И уже совершенно непонятно, как увязывается вся эта воинственность с пресловутой «слезинкой «невинного ребенка» и его ничем не заслуженными

страданиями? Может быть, речь идет о «слезинке» не всякого ребенка! Такая непоследовательность была, по-видимому, следствием все той же болезни.

* * *

Немного личных воспоминаний.

Мое первое знакомство с Достоевским, которого мы тогда в школе «не проходили», относятся к 1949 году, когда боготворивший его Евгений Викторович Тарле обязал меня прочитать роман «Бесы», сказав при этом, что прообразами многих его действующих лиц послужили реальные люди сороковых — шестидесятых годов прошлого века, известные мне из школьных учебников, и потому мне будет интересно. В частности он обратил мое внимание на Семена Егоровича Кармазинова, и от Тарле я впервые услышал рассказ о том, что Тургенев всю жизнь мучился воспоминанием о своем поведении во время пережитого им в юности кораблекрушения (речь шла о гибели парохода «Николай I» в 1838 г.), когда он в ужасе, расталкивая женщин и детей, рвался к шлюпкам с криком «Спасите меня! Я единственный сын у своей мамы!».

— Упоминание об этом происшествии ты найдешь в «Бесах», — сказал он.

Я нашел, и помню, что сам факт сатирического истолкования Достоевским этой сугубо личной и трагической истории произвел на меня неприятное впечатление, как от нечаянно подсмотренной чужой злобной подлости, которое усилилось после того, как я в том же году познакомился с несколькими выпусками «Дневника писателя» (позднее я узнал, что этот поступок Достоевского назвал «мерзким» Л.Н. Толстой). Я поделился своими сомнениями с Тарле, и у нас состоялся хорошо запомнившийся мне разговор о творчестве Достоевского. До того мне казалось, что Евгений Викторович восторженно воспринимает абсолютно все вышедшее из-под пера его любимого писателя, без каких-либо исключений, и потому я был крайне удивлен его весьма пренебрежительным отношением к публицистике писателя. Заметив это, Тарле рассказал мне о своем многолетнем общении с Анной Григорьевной Достоевской, которая помогала ему в 1901 г. после ссылки обосноваться в Петербурге, видимо, не без содействия обер-прокурора Синода, остававшегося ее добрым знакомым и после смерти мужа. Она же подарила Тарле автограф Достоевского и известное библиофилам роскошное «юбилейное» собрание его сочинений, а потом посетила его в больнице, когда Тарле был тяжело ранен у Технологического института во время студенческих волнений в октябре 1905 г. (После этого рассказа жена, друг и помощник Достоевского навсегда стала для меня Анной Григорьевной, а не А. Г. Достоевской.)
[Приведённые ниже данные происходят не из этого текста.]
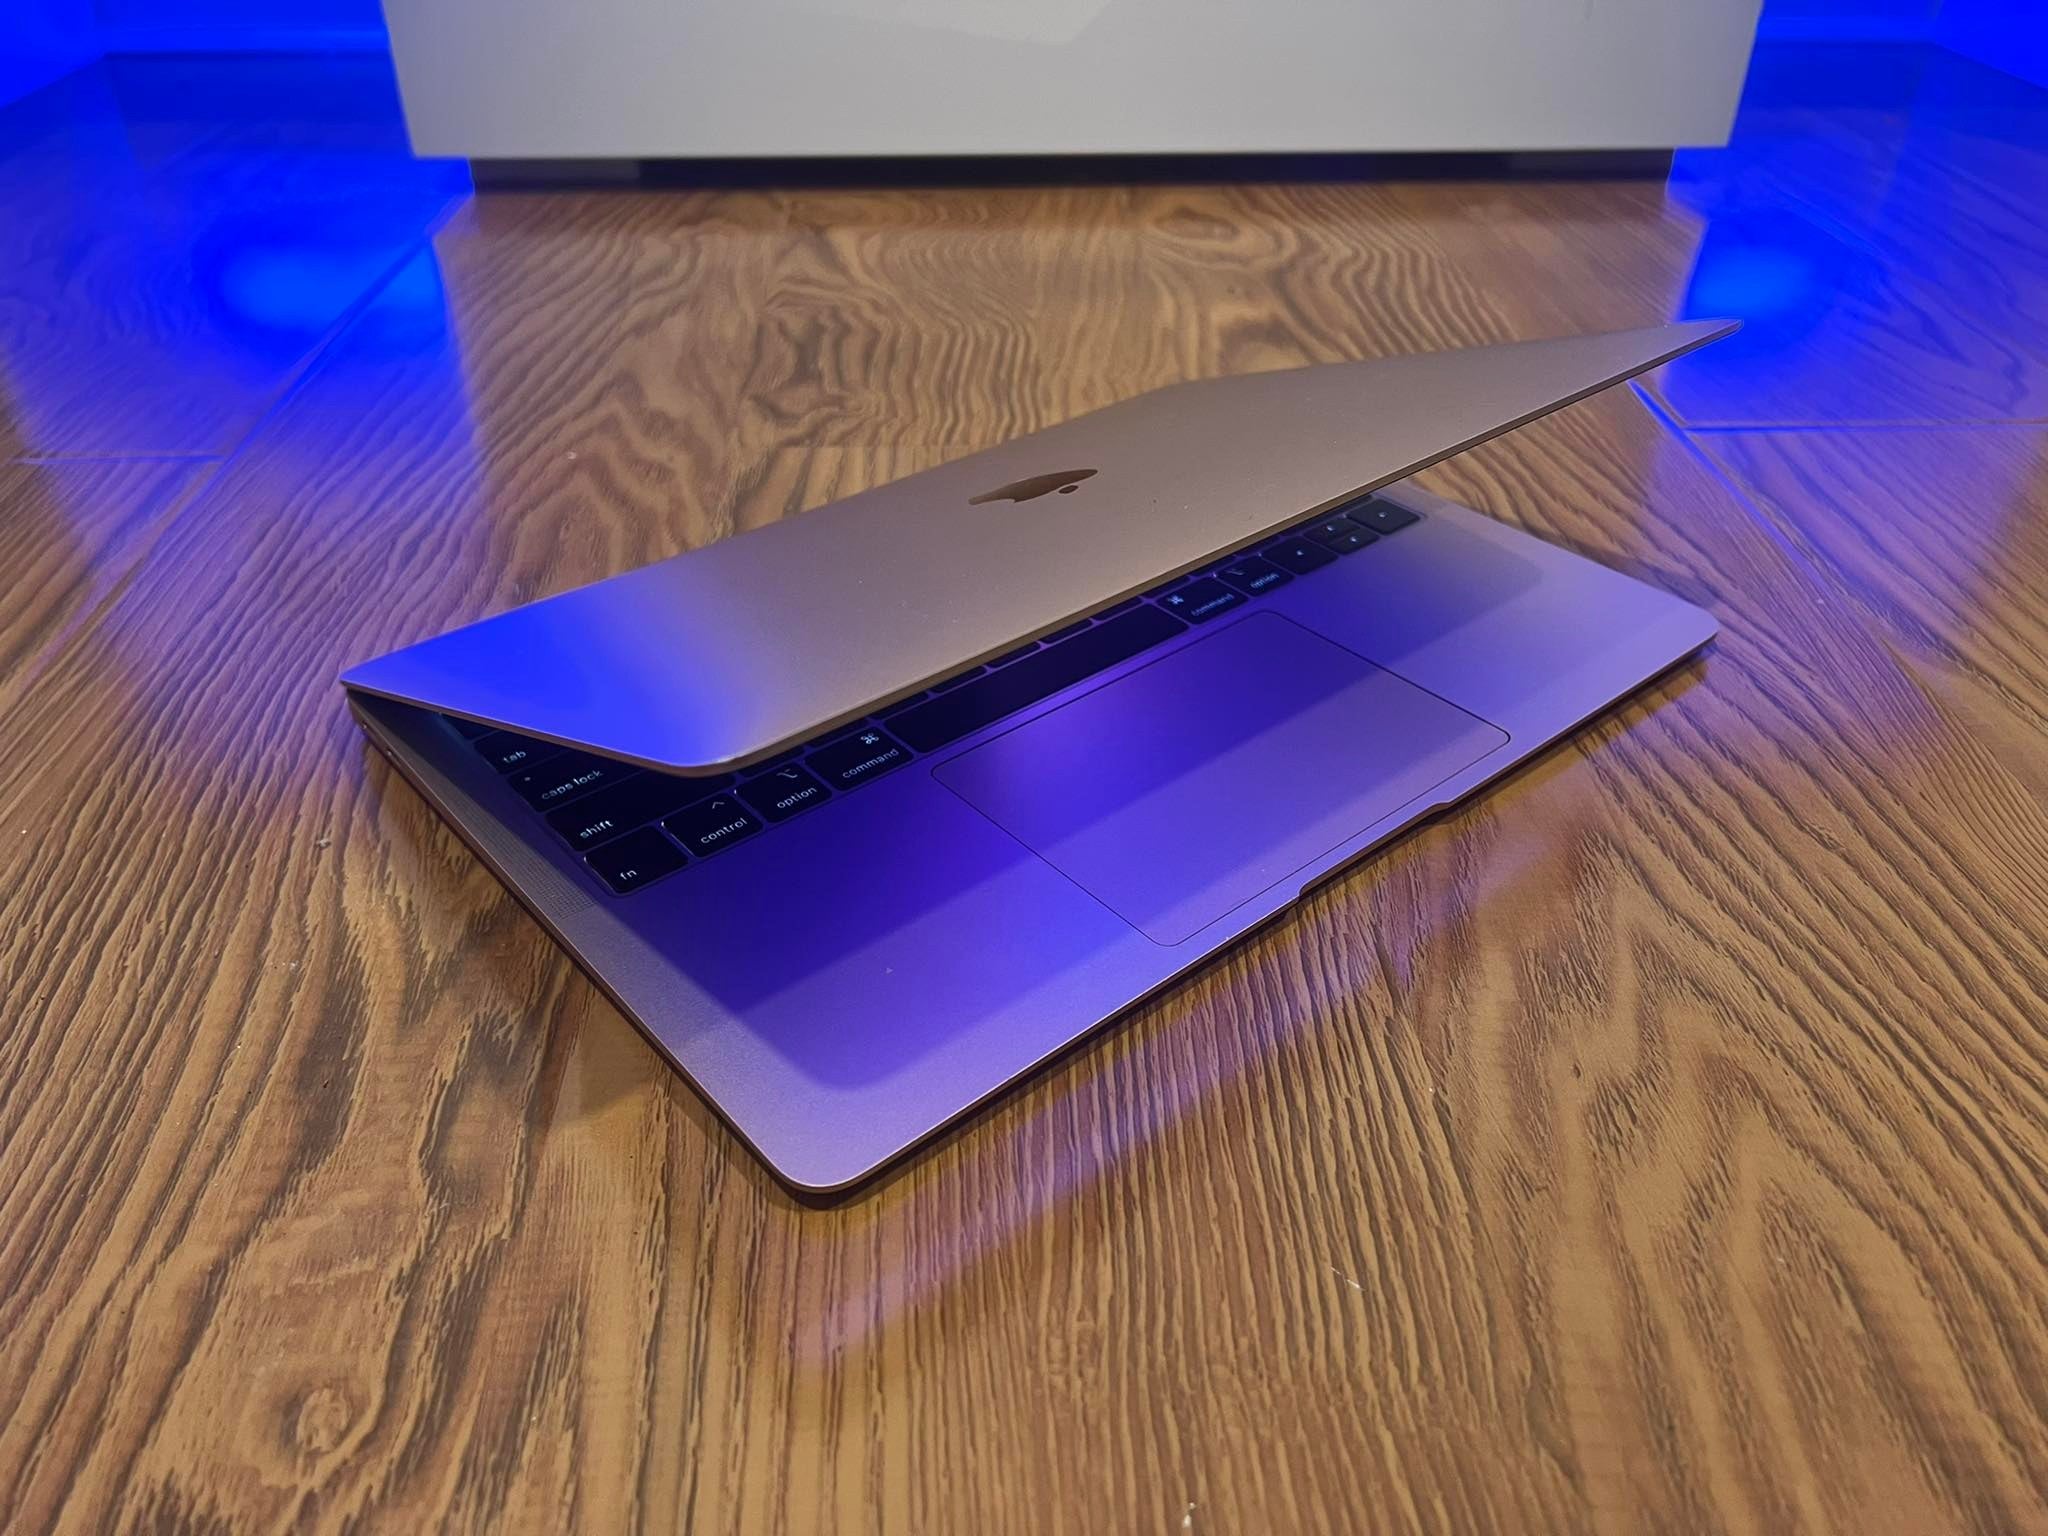 MacBook Air (Retina, 13-inch, 2020) Intel i5, 8GB RAM, 256GB (Premium Grade) A2179

Закончил же Тарле свой рассказ тем, что он еще в начале своего знакомства с Анной Григорьевной высказал мысль о том, что публицистика Достоевского есть всего лишь факт биографии, не имеющий отношения к его гениальному вкладу во всемирную литературу. И Анна Григорьевна, по его словам, с ним согласилась.
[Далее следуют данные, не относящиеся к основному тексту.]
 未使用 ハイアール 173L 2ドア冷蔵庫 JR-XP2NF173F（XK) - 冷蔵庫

Много лет спустя, когда переписка Тарле с Анной Григорьевной была опубликована, я убедился, что он в 1949 г. почти дословно повторил фразу из своего письма, написанного в 1900 г. И я смог оценить не только его уникальную память, но и огромную душевную работу и жизненный подвиг великой женщины, которую в 1867 г. ужасно раздражали «жидочки», сновавшие на лестнице дома Олонкина, куда она впервые пришла к Достоевскому, и которая через тридцать три года искренне помогала в жизнеустройстве еврею, хоть и крещеному, но отнюдь не монархических убеждений и к тому же посмевшему усомниться в ценности определенной части творческого наследия ее мужа, в величии которого она никогда не сомневалась.
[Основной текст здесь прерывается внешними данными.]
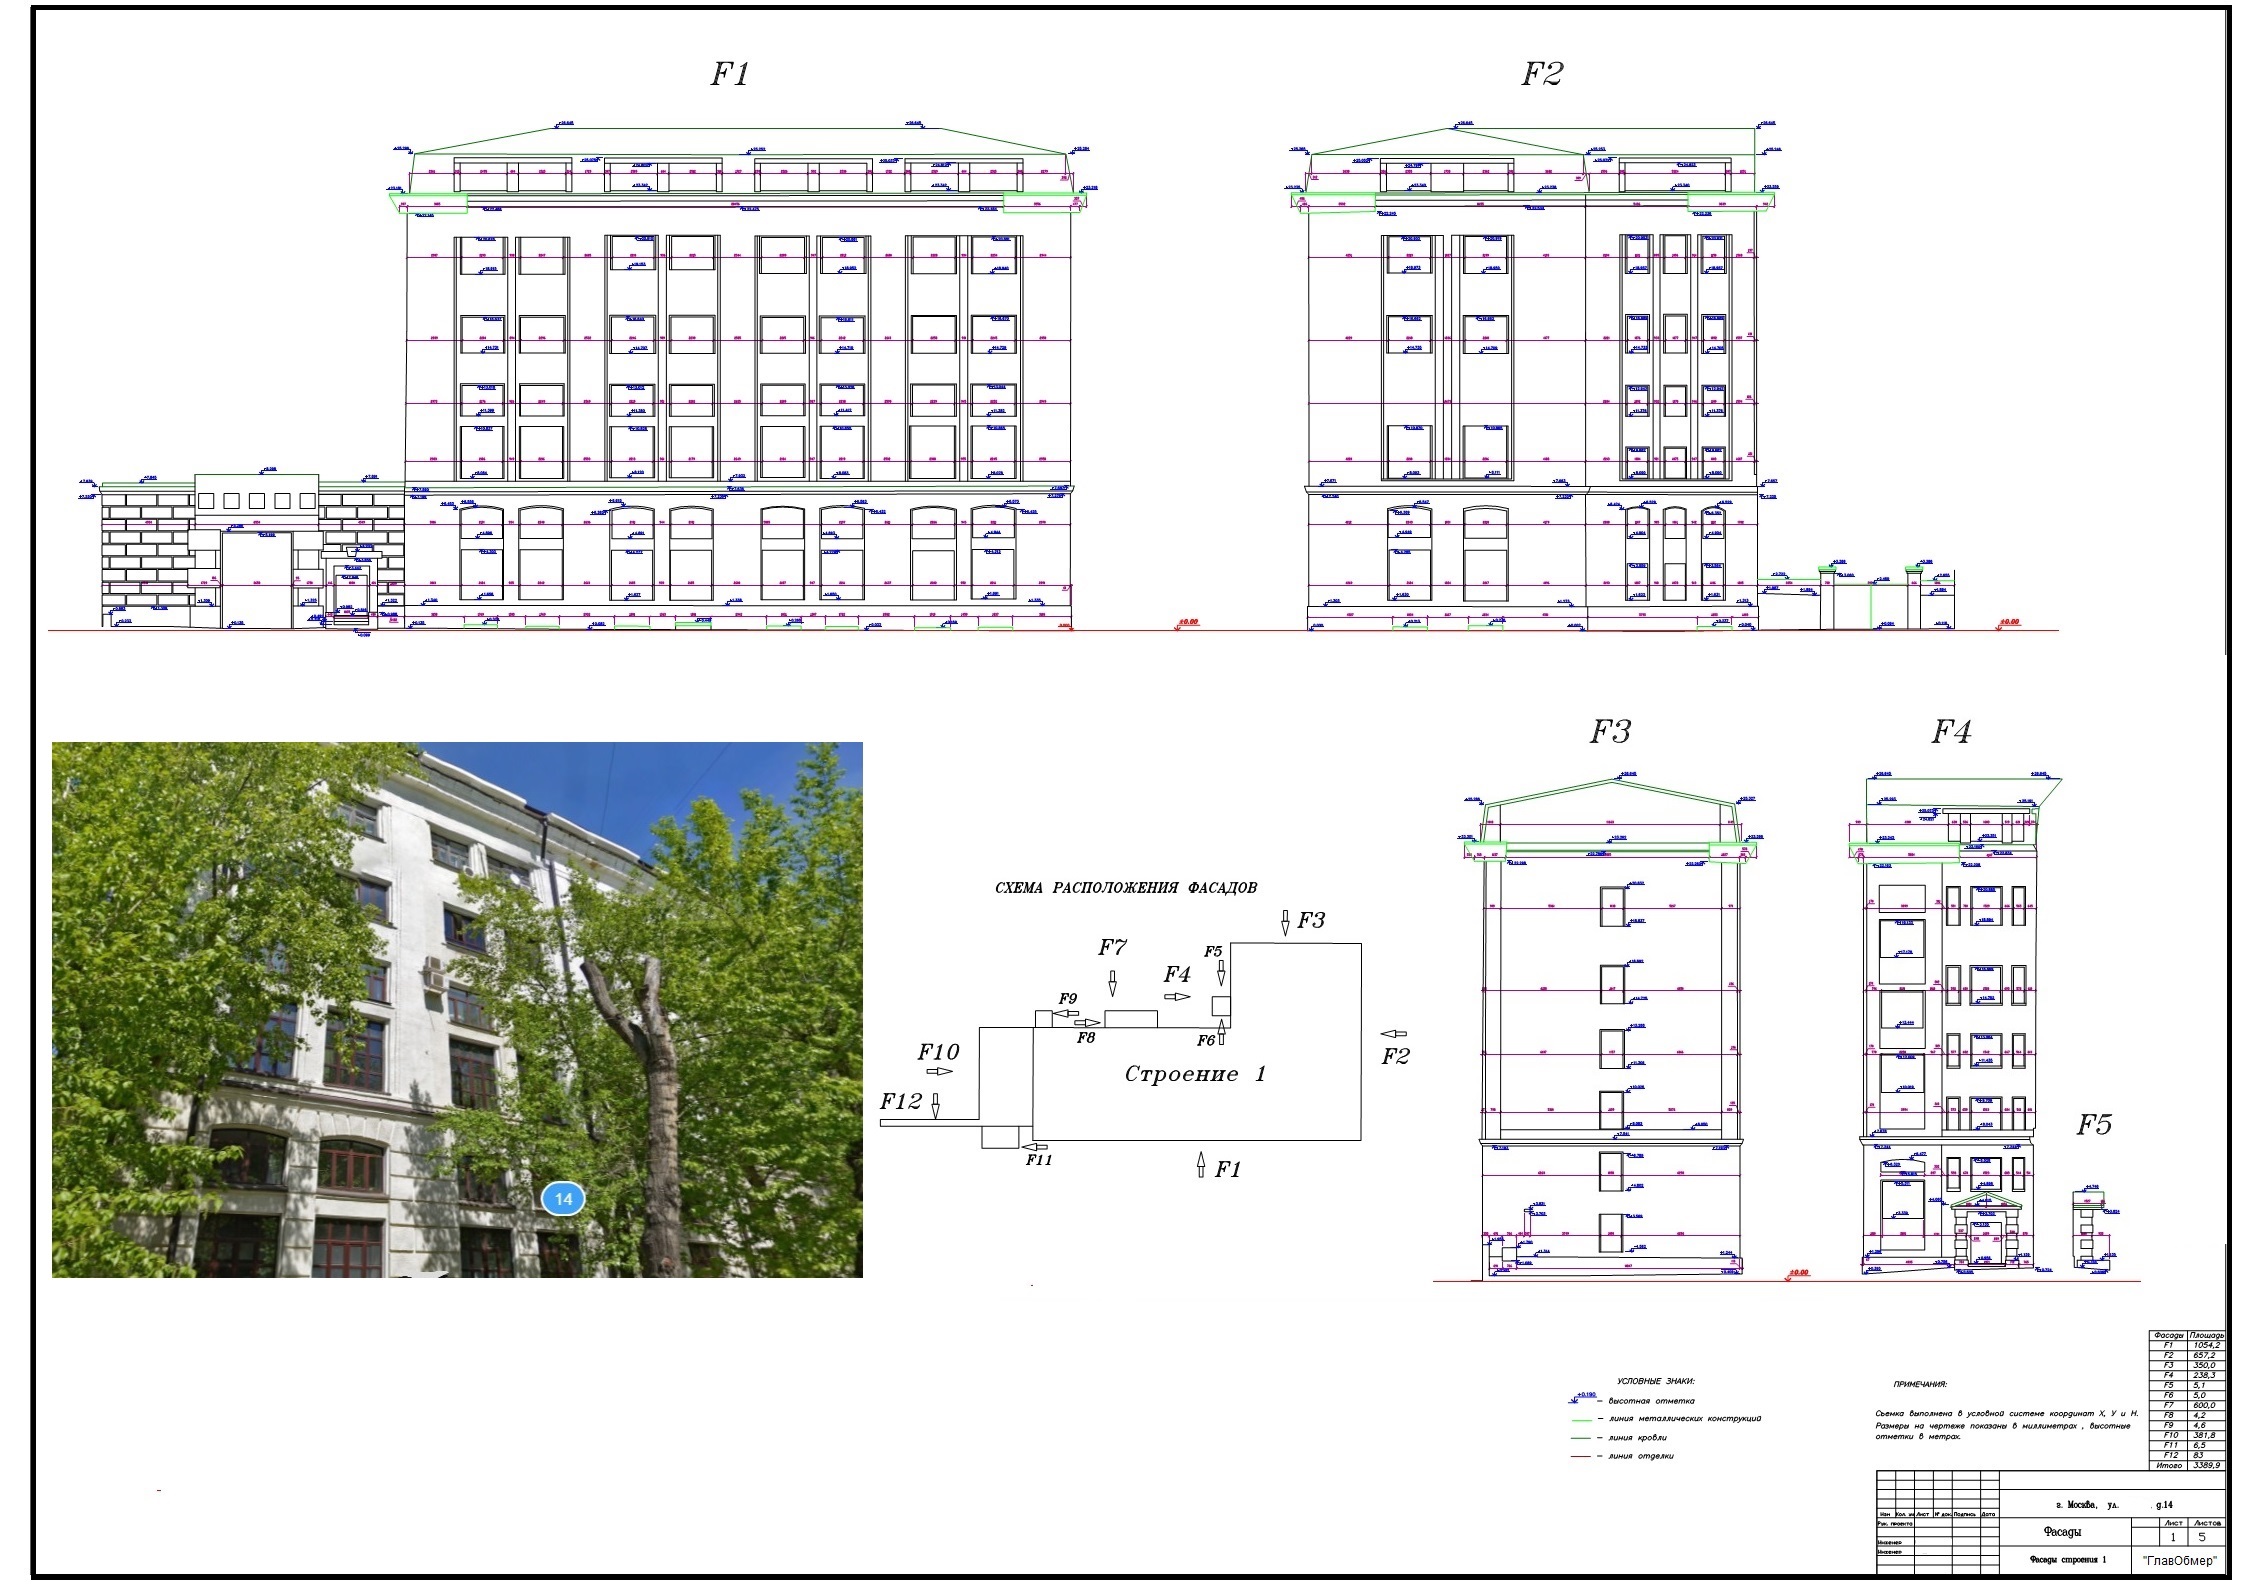  Обмер фасадов здания

А тогда Тарле, объявив свой и Анны Григорьевны «приговор» публицистике Достоевского, все же предостерег меня от «советского взгляда» на труды Достоевского, приведя в качестве примера гнусной клеветы на великого писателя вышедшее в том же 1949 году сочинение бывшего рапповца из «напостов» Владимира Ермилова «Против реакционных идей в творчестве Ф.М. Достоевского». Впрочем, он тут же отметил, что подобные «разоблачения» не всегда идут от души, и рассказал, что он спросил одного своего знакомого, хорошо знавшего Ермилова, неужели сей борец с меньшевизмом в литературной критике действительно так ненавидит Достоевского. На это его знакомый, приложив ладонь к устам, поскольку разговор происходил на одном из общих собраний Академии наук, закатив глаза, прошептал лишь одно слово: «Обожает!».

* * *

Как известно, некоторые почитатели Достоевского искали и продолжают искать в его публицистике и в черновых записях из подготовительных тетрадей некий тайный смысл, предсказания и пророчества. Особенно усердствует в этом направлении определенная категория людей со вторичными

патриотическими признаками на физиономии, занимающихся любовью к Отечеству в общественных местах. Эта фантасмагория началась еще в последние годы жизни Достоевского, и периоды ее «обострения», как правило, приходились на смутные времена в истории России. Как бы предвосхищая это, один из проницательных его современников, для которого связь творчества Достоевского с его болезнью была очевидной, писал: «Если теперь неловкие почитатели сделали из него какого-то обличительного пророка, то в этом он вовсе не виноват» (А. Милюков). Не исключено, что всякого рода «глубокомысленные» толкования бессмысленных словосочетаний уходит своими корнями в сохранившееся в подсознании определенного типа личностей давнее стремление отыскать некую судьбоносную весть в истошных криках юродивых, чья чисто биологическая «простота» считалась в средневековой Руси «святой».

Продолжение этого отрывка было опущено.